From January 1991 to December 1992 a total of 46 newly diagnosed cases (registered cases) of advanced (stage D2) prostatic cancer was randomized into 3 groups as follows; Group A: bilateral orchiectomy and 25 mg/day of etoposide every 2 weeks for 6 months. Group B: bilateral orchiectomy and 560 mg/day of estramustine phosphate for 6 months. Group C: bilateral orchiectomy alone. One of group A and one of group B were ineligible cases, so 44 were eligible. In the eligible cases, ages were ranged from 54 to 90 (mean of 71.2) years old. No significant difference of patients' characteristics was found among 3 groups and median follow-up period was 25 months. Response was evaluated based on the response criteria according to Japanese urological association. Specifically, a central pathologist who blinded to the treatment was employed for evaluating pathological response at six months.
Of the 44 eligible patients, 33 and 25 were evaluated for clinically and pathological analyses, respectively.

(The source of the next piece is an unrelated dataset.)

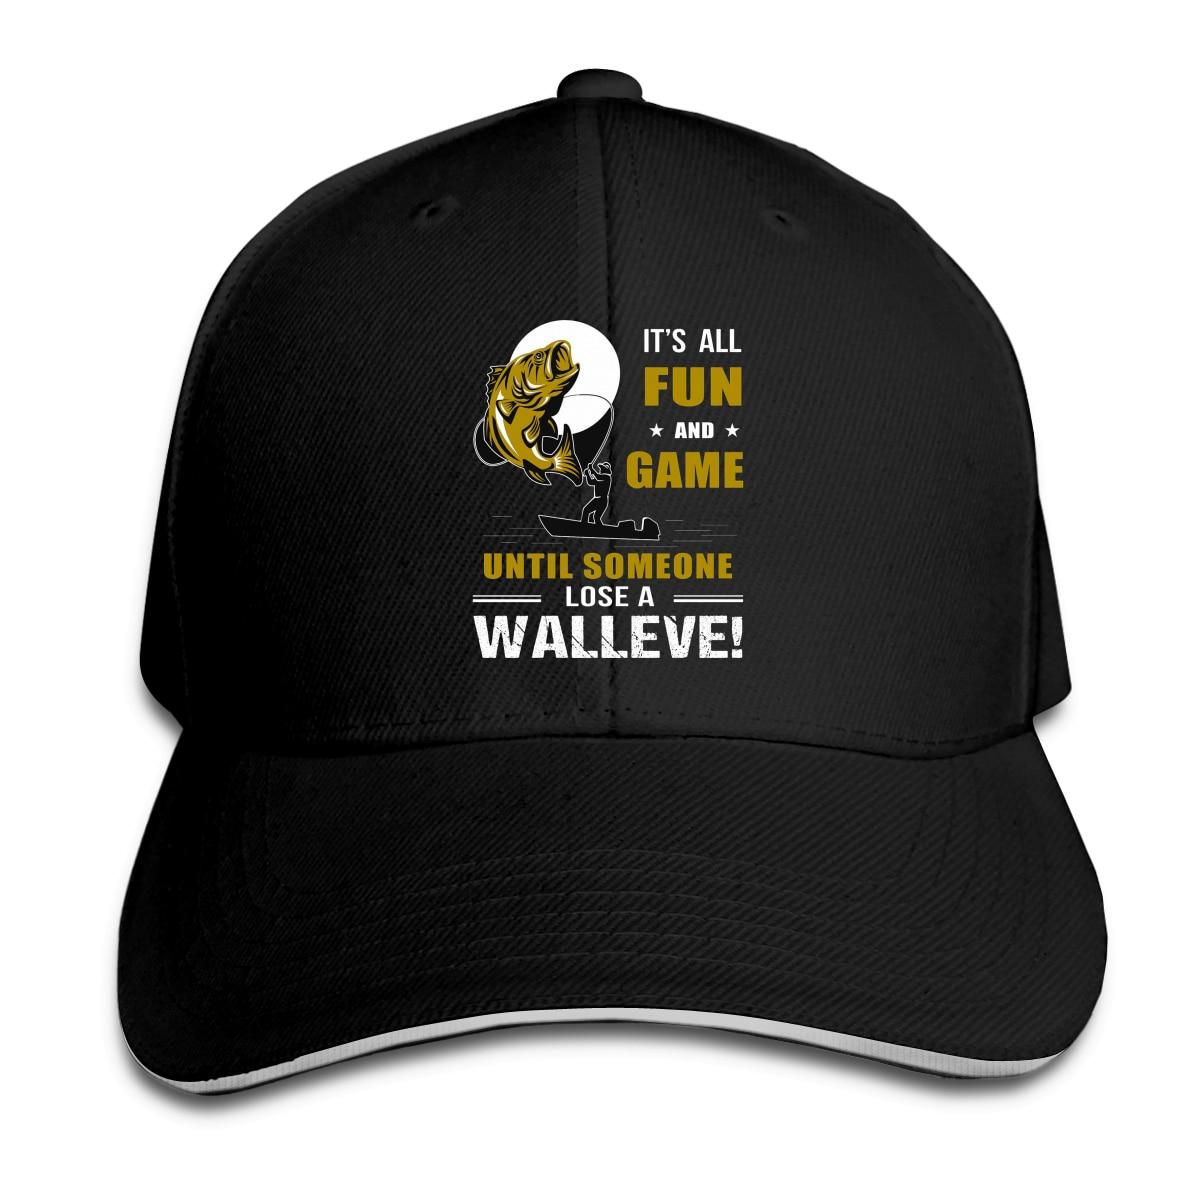 Funny Walleye Fishing Mug - Walleye Fishing Baseball Cap Peaked Cap Cotton Cap Snapback Hat Summer Cap Hip Hop Cap fishing

Clinical response rates were 80% (12/15) of group A, 100% (4/4) of group B and 78.6% (11/14) of group C. No significant difference in the clinical response and survival rate was shown among the three groups. Significantly higher frequencies of side effects were noted in the grop B compared to the other two groups (p < 0.05) and cardiovascular complications were the most frequent in group B. Favorable pathological response was obtained in all of group B, but not statistically significant compared with 7/21 (33.3%) of response rate in group A and C. The pathological response was significantly correlated with the clinical one in all patients (p < 0.01). While 8 of 11 patients (73%) with pathological response grade 1, 2 and 3 achieved clinical PR (partial response) or CR (complete response), only 5 of 14 (36%) with grade 0 received PR or CR.
We conclude that low dose administration of etoposide or estramustine phosphate dose not improve clinical response and survival in a short term in castrated patients, but increases the adverse effects due to the drugs in these patients. In addition, the pathological evaluation at 6 months after treatment appears to reflect the clinical response at that time in newly diagnosed patients with advanced prostatic cancer.
我们进行了一项多中心随机试验,比较双侧睾丸切除术与双侧睾丸切除术加依托泊苷或磷酸雌莫司汀作为晚期前列腺癌(D2期)一线治疗的效果。
1991年1月至1992年12月,共46例新诊断的晚期(D2期)前列腺癌病例(登记病例)被随机分为3组,如下:A组:双侧睾丸切除术,每2周给予25mg/天依托泊苷,持续6个月。B组:双侧睾丸切除术,每天给予560mg磷酸雌莫司汀,持续6个月。C组:仅行双侧睾丸切除术。A组和B组各有1例不符合入选标准,因此有44例符合标准。在符合标准的病例中,年龄范围为54至90岁(平均71.2岁)。三组患者的特征无显著差异,中位随访期为25个月。根据日本泌尿外科学会的反应标准评估反应。具体而言,由一位对治疗不知情的中心病理学家在6个月时评估病理反应。
44例符合标准的患者中,分别有33例和25例接受了临床和病理分析。临床缓解率为:A组80%(12/15),B组100%(4/4),C组78.6%(11/14)。三组之间的临床反应和生存率无显著差异。与其他两组相比,B组的副作用发生率显著更高(p<0.05),且心血管并发症在B组中最为常见。B组所有患者均获得了良好的病理反应,但与A组和C组7/21(33.3%)的反应率相比无统计学意义。所有患者的病理反应与临床反应显著相关(p<0.01)。病理反应为1、2和3级的11例患者中有8例(73%)达到临床PR(部分缓解)或CR(完全缓解),而病理反应为0级的14例患者中只有5例(36%)达到PR或CR。
我们得出结论,在去势患者中,低剂量给予依托泊苷或磷酸雌莫司汀在短期内并不能改善临床反应和生存率,但会增加这些患者因药物导致的不良反应。此外,治疗后6个月的病理评估似乎反映了新诊断的晚期前列腺癌患者当时的临床反应。